Methods: We reanalyzed 1496 WGS using a PrecisionFDA Truth challenge winner method Sentieon DNAscope. Single nucleotide variants (SNV) and small insertions/deletions (INDEL) were benchmarked. We also analyzed pharmacogenomic (PGx) drug-associated alleles, and copy number variants (CNV). Multiple practicing clinicians reviewed and curated the clinically significant variants. Variant annotations can be browsed at TaiwanGenomes (https://genomes.tw).

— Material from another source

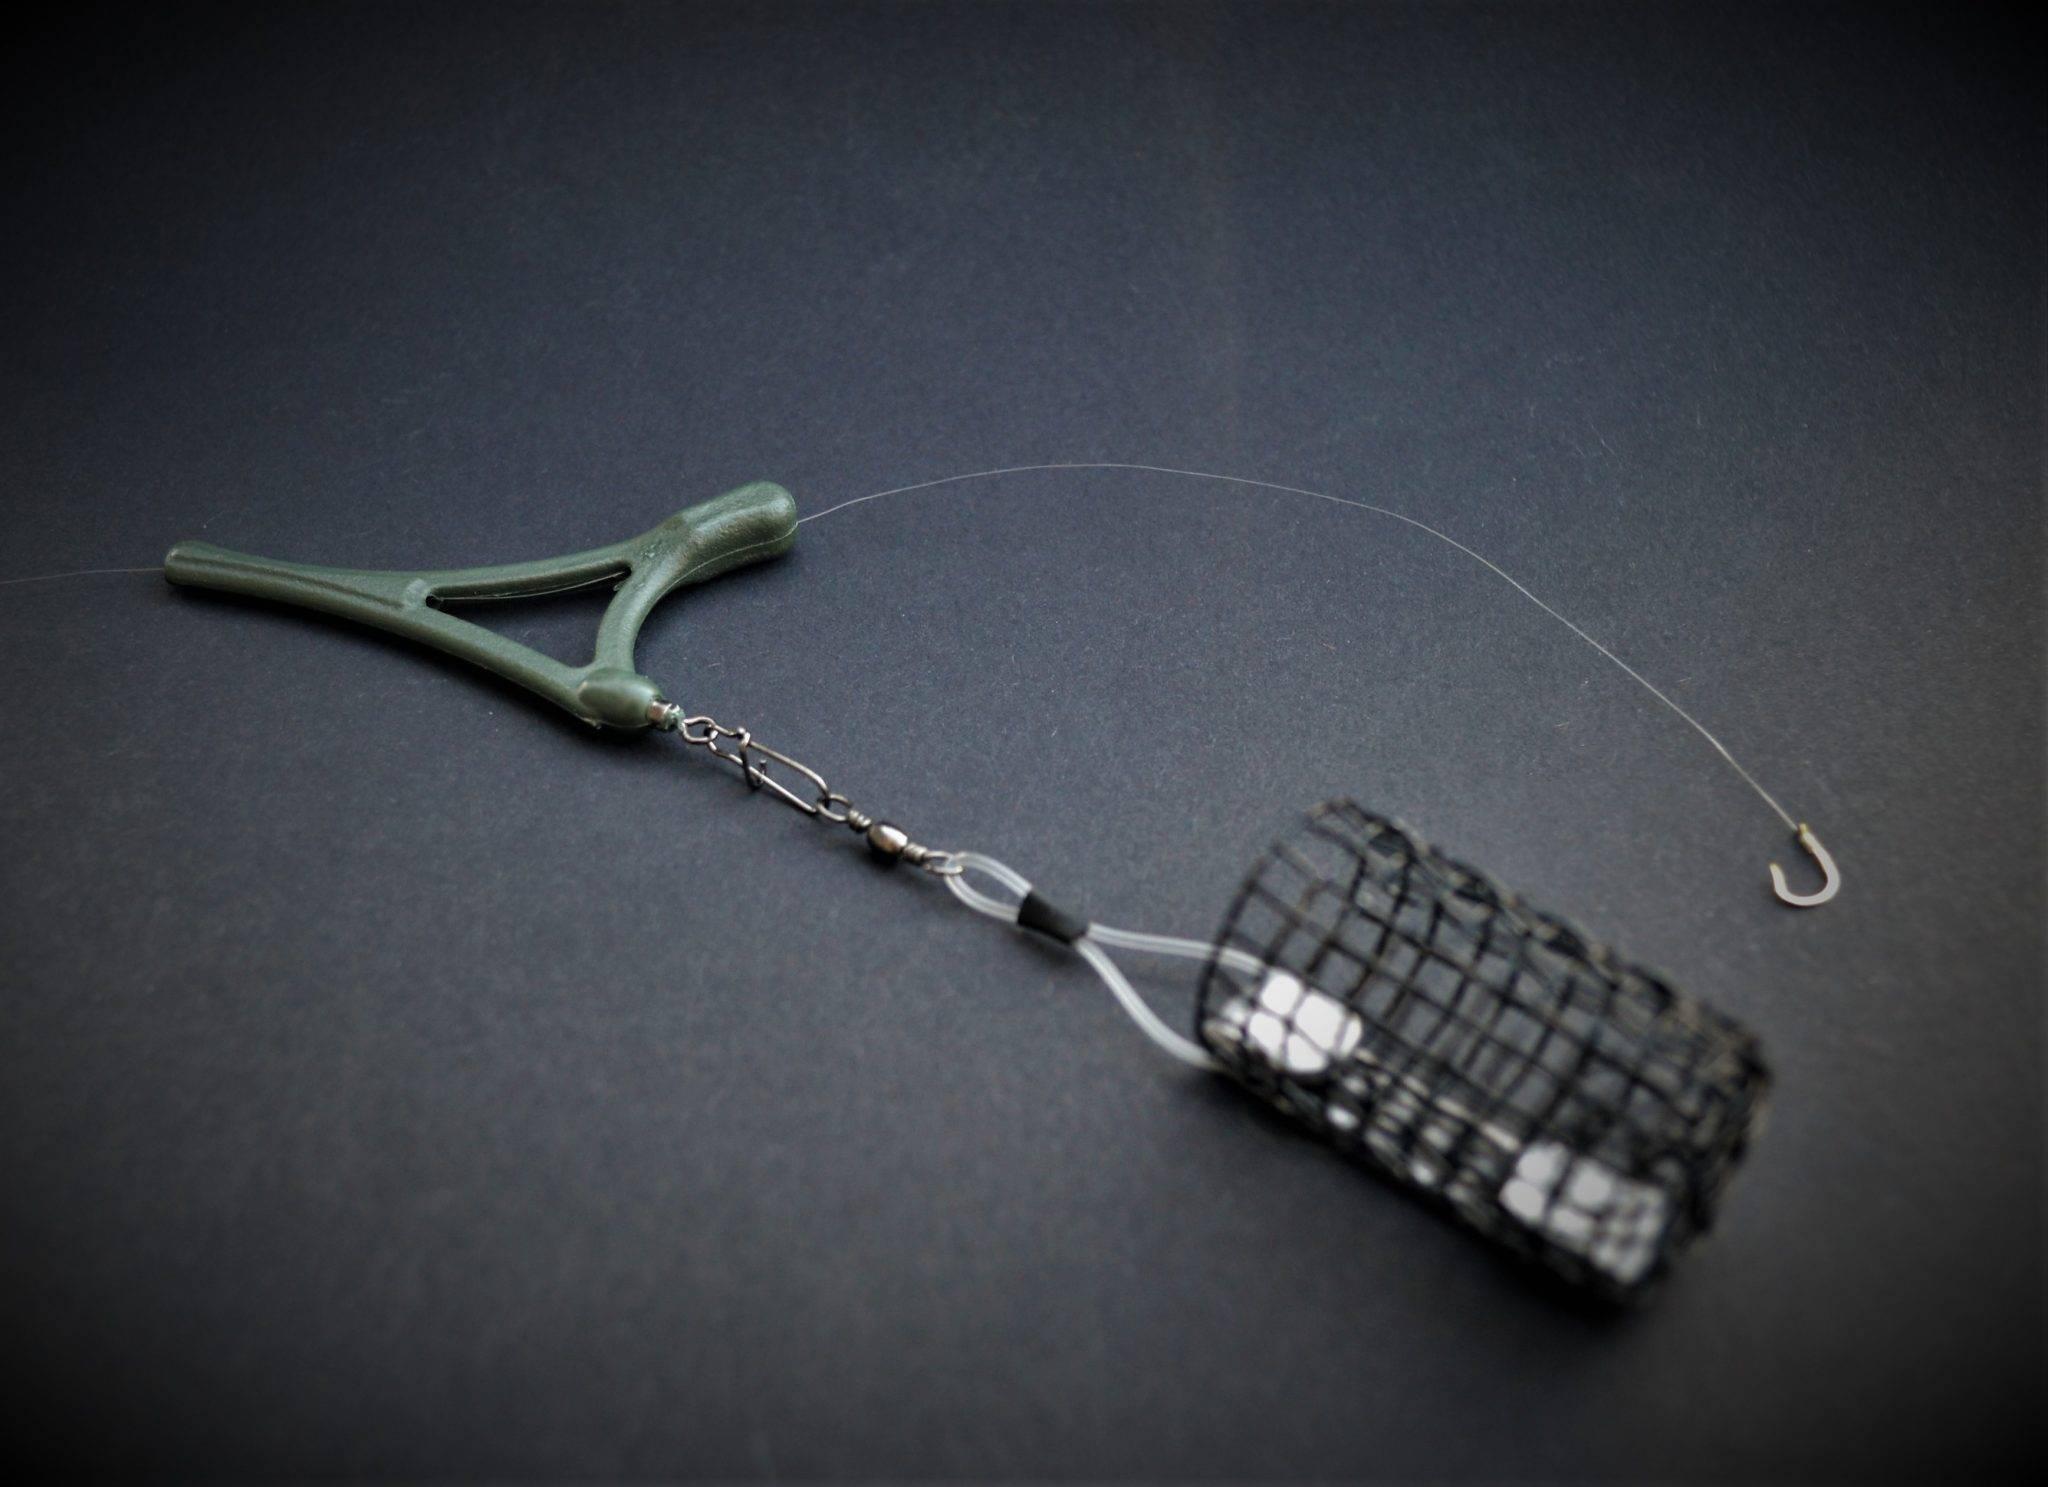 Монтаж фидера: распространенные ошибки, секреты и пошаговая инструкция для новичков (100 фото)

Results: We found that each participant had an average of 6,870.7 globally novel variants and 75.3% (831/1103) of the participants harbored at least one PharmGKB-selected high evidence level human leukocyte antigen (HLA) risk allele. 54 PharmGKB-reported high-level instances of evidence of Cytochrome P450 variant-drug pairs, with a population frequency of over 13.2%. We also identified 23 variants in the ACMG secondary finding V3 gene list from 25 participants, suggesting that 1.67% (25/1496) of the population is harboring at least one medical actionable variant. Our carrier status analyses suggest that one in 25 couples (3.94%) would risk having offspring with at least one pathogenic variant, which is in line with rates found in Japan and Singapore. For pathogenic CNV, we detected 6.88% and 2.02% carrier rates for alpha thalassemia and spinal muscular atrophy, respectively.

Conclusion: Our study highlights the overall medical insights of a complete Taiwanese genomic profile.

Keywords: ACMG secondary finding V3 gene list; Carrier rates; Population allele frequency; Taiwan Biobank; Whole genome sequence.